If you’re ever assigned a small town for a territory, here are some tips:
• Visit as many businesses as possible. When you visit a business, don’t solicit as much as mine information; act like you’re a detective solving a crime. What you’re trying to determine is the state of the market place: who are the key players, how your company and its competition are performing and what issues the business community is facing.
• Identify all the key vendors servicing the community. Small businesses rely on vendors and it’s important to work through them. Typically, you need a way to compensate the vendors for referred business. At the same time, you want to reach out directly to the businesses in the community. Word will get back to the vendors that you’ve been proactively looking for new business and that should provide you with more leverage in your dealings with them.

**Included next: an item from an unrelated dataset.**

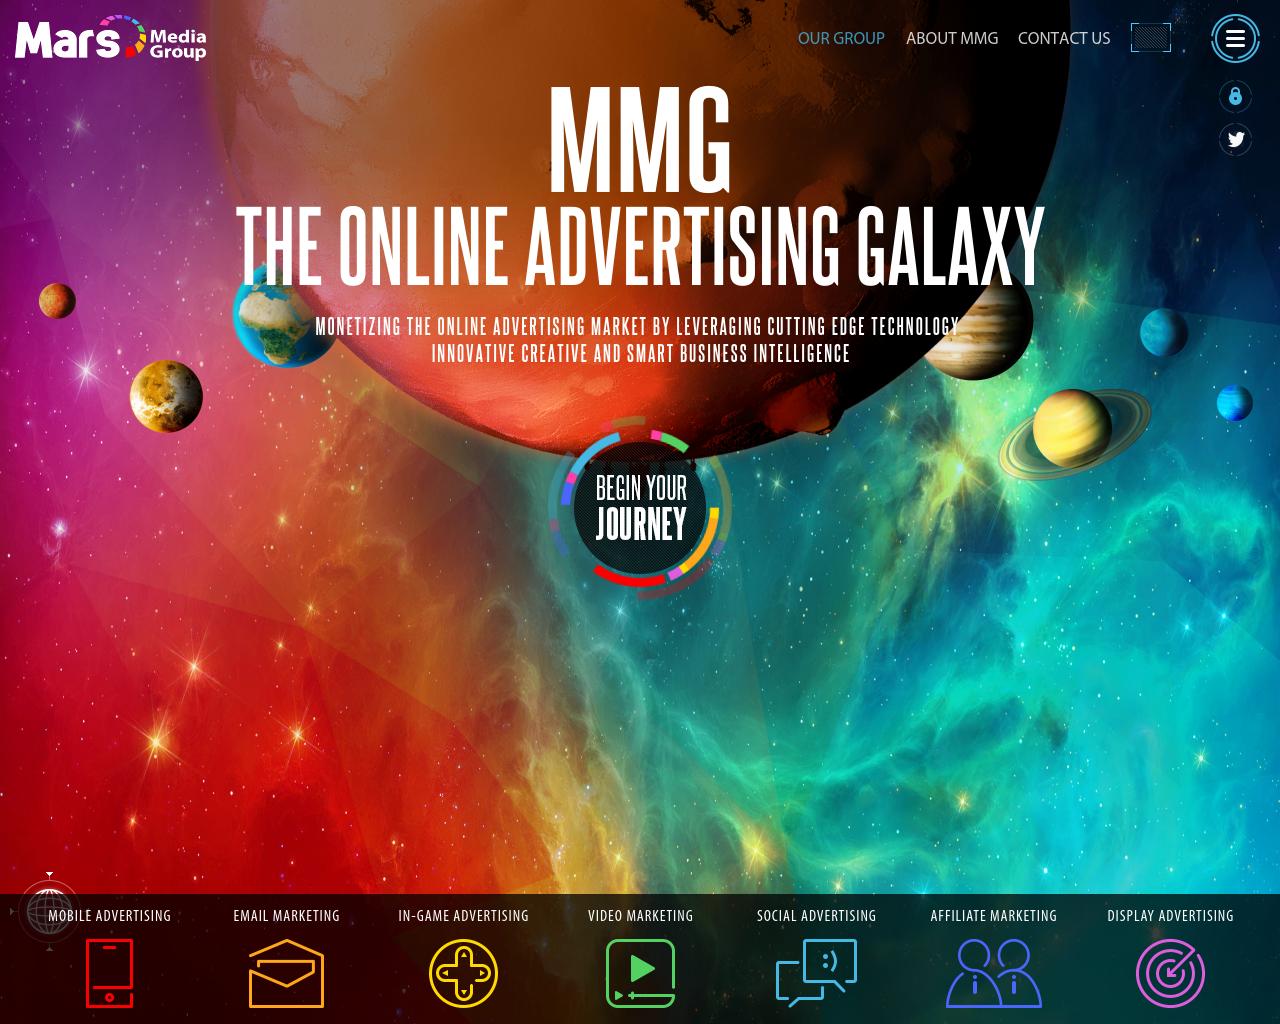 MMG---Mars-Media-Group-Advertising-Reviews-Pricing
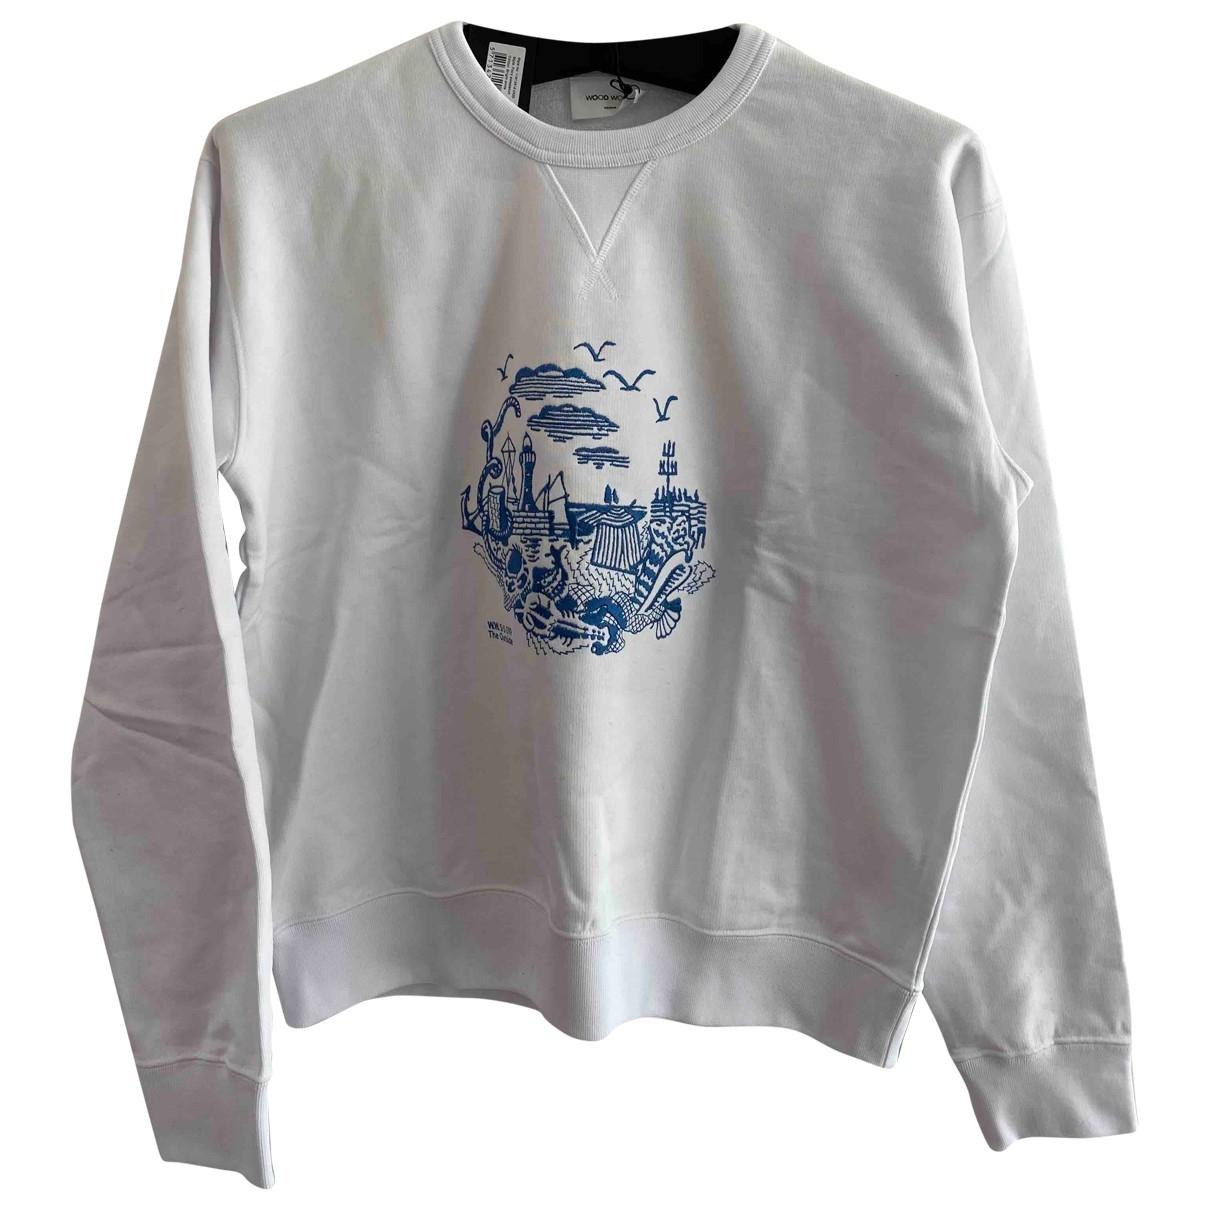 Wood Wood \N White Cotton Knitwear & Sweatshirts for Men M International

• Use the phone as little as possible. Small town people are wary of outsiders. Outsiders pester them with phone calls. Showing up in person means a lot.
• Attend Chamber and other networking events. Normally, I think Chamber events are a waste of time, but not in a small town.(1) In small towns, business leaders actually attend events and will talk to you.
• Make regular visits and keep in touch with existing customers. This shows that you care and will lead to referred business. Small town business people know each other and if you perform and prove to be trustworthy, they will recommend you to their friends.
• Find something, anything, to connect you to the town. If your wife is from the town, if a relative of yours lived there or is married to someone that grew up there…mention that information when you are talking to the business people. Know the area; throw out names of local businesses and business people. Use their terminology. I sold in Yuma, AZ and there was a part of town called the “big curve”; they had an “old mall” and a “new mall”.(2) If I was asking where a business was, for instance, and it was near the “big curve”, I would say, “big curve”. It helped make the people there feel more comfortable around me.
(1) I went to a Chamber breakfast in Yuma, AZ that started at 6:30 am and when I showed up at 6:35 it was already packed and I had to scramble to find an empty seat.
(2) The “new mall” was over five years old and will probably be called the “new mall" until an even newer mall is constructed, sometime in 2020.